While many people assume that the health insurance market is in a state of stasis while various political battles wage on in Washington D.C., that simply isn’t the truth. Even though the future of health care litigation remains in doubt, the country’s largest health insurers reported strong profits in the second quarter of 2017.
In total, the six largest health insurers in the country reported a combined profit of roughly $6 billion dollars during Q2. That’s a 29% increase over profits from the same time last year. Of those six companies, Aetna, Humana, and Ciga all saw profits up 45% from the previous year. UnitedHealth Group and Centene all saw their profits rise about 25% in the same time period, and Anthem saw an increase of 2%. All of this growth allowed each of these insurers to reach record stock highs over the summer.
There are a number of factors driving this growth. Primarily boosts from government health plans like Medicare and Medicaid, as well as falling medical costs. Aetna, derives more than half of its revenue from government plans. With such massive numbers riding on policy decisions in Washington, the consensus among insurers now, is that the most profitable decision is to wait it out as long as possible wherever the ACA is concerned.

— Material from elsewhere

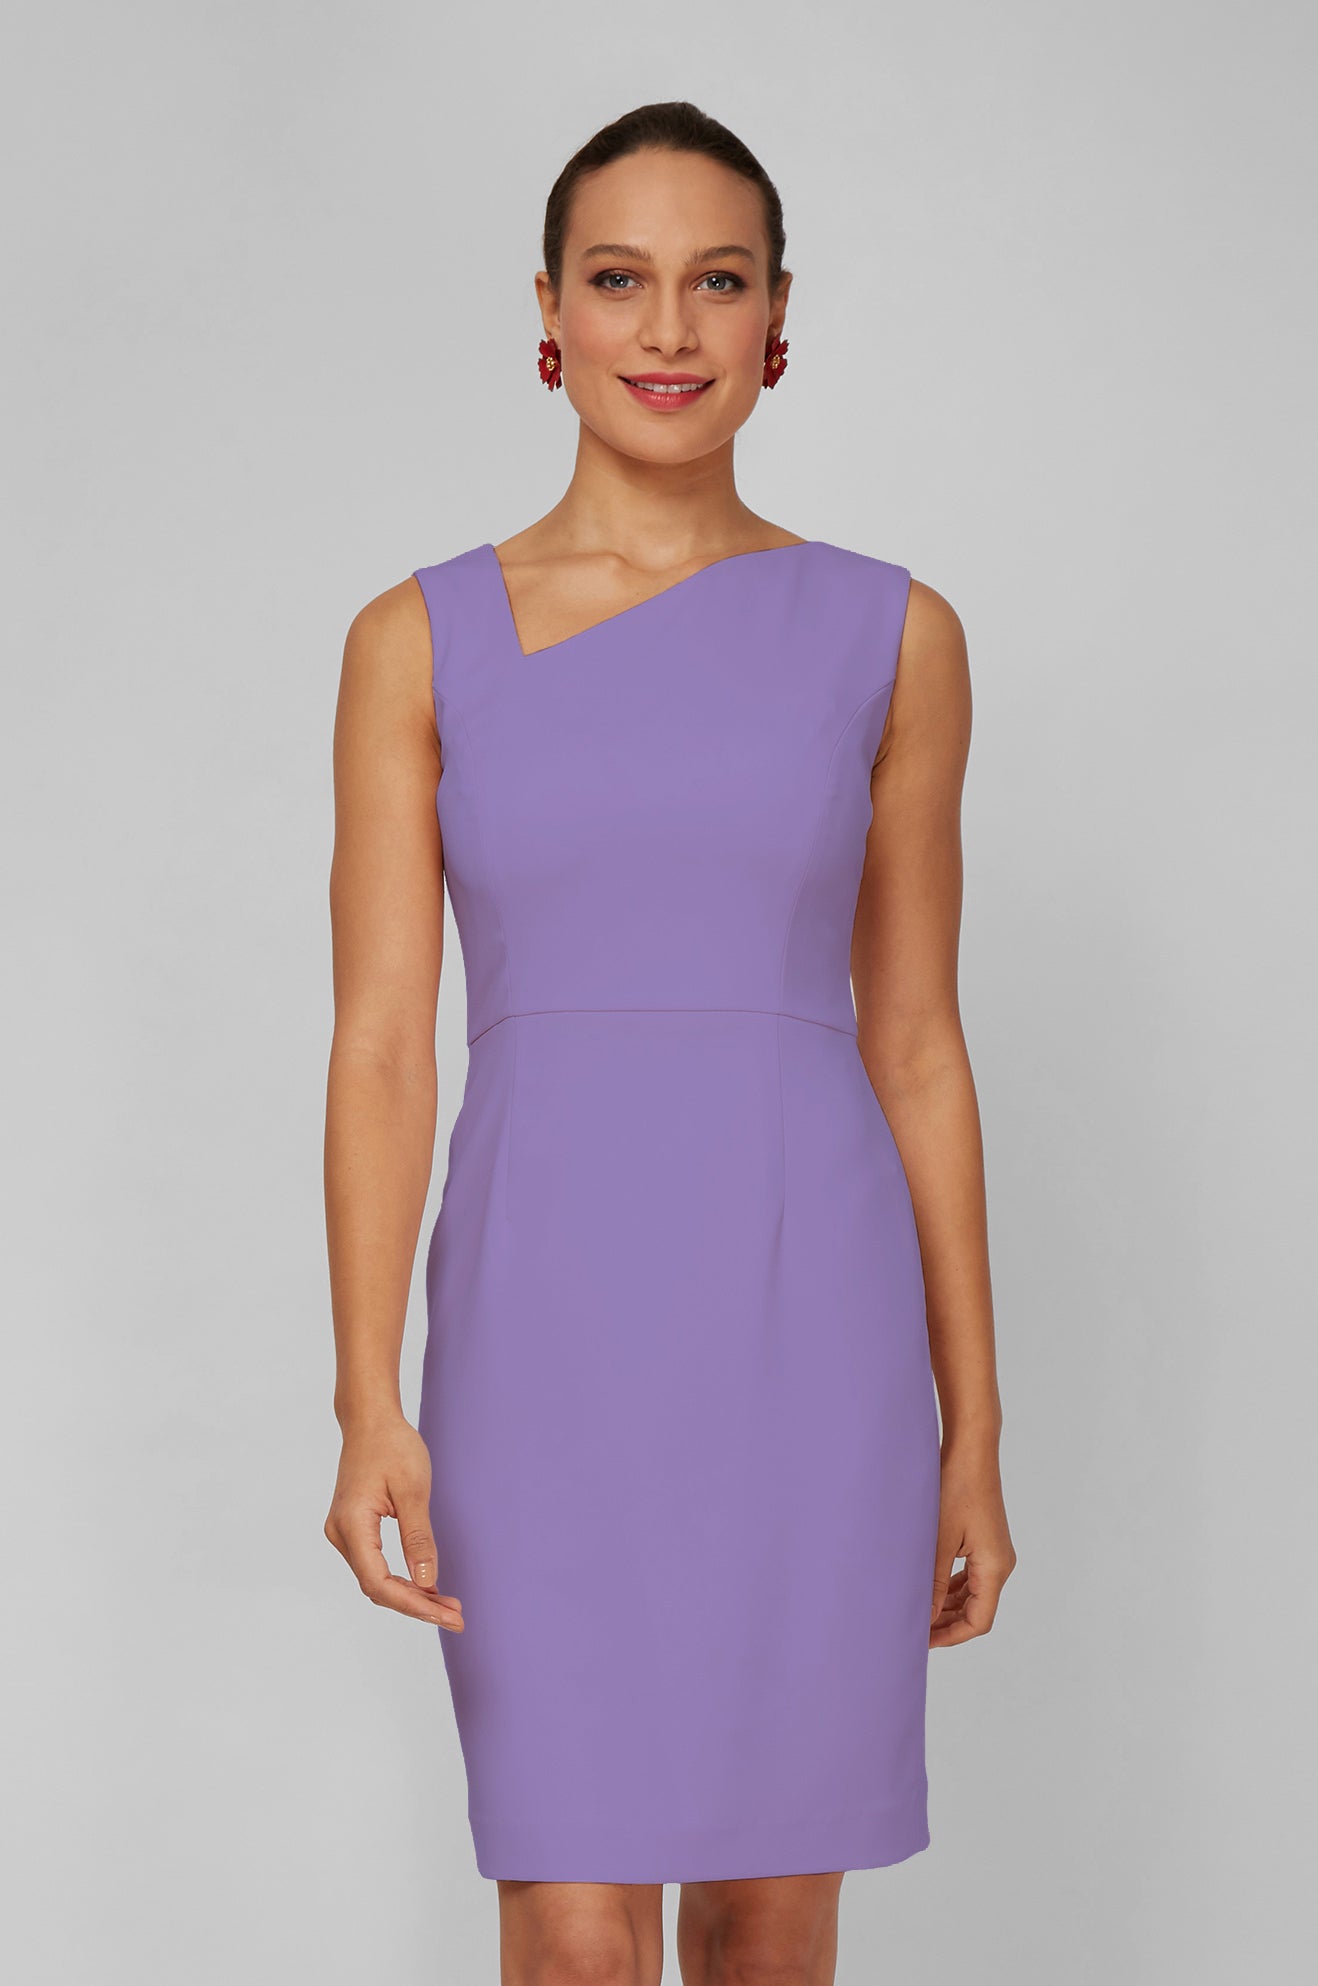 Women' Business Clea Dress - Thistle NORA GARDNER | OFFICIAL STORE for work and office

The increasingly popular high-deductible health insurance plans have played a major role in driving medical costs down. If this trend continues, we can expect to see more and more high-deductible plans advertised to the general market.
All of this has to be considered with one huge caveat—the political climate could turn all of this upside down any day. With the 2018 ACA markets slated to open in less than three months, many major insurers are waiting to release their ACA compliant plans as most are uncertain what steps the Trump administration will take in these next weeks.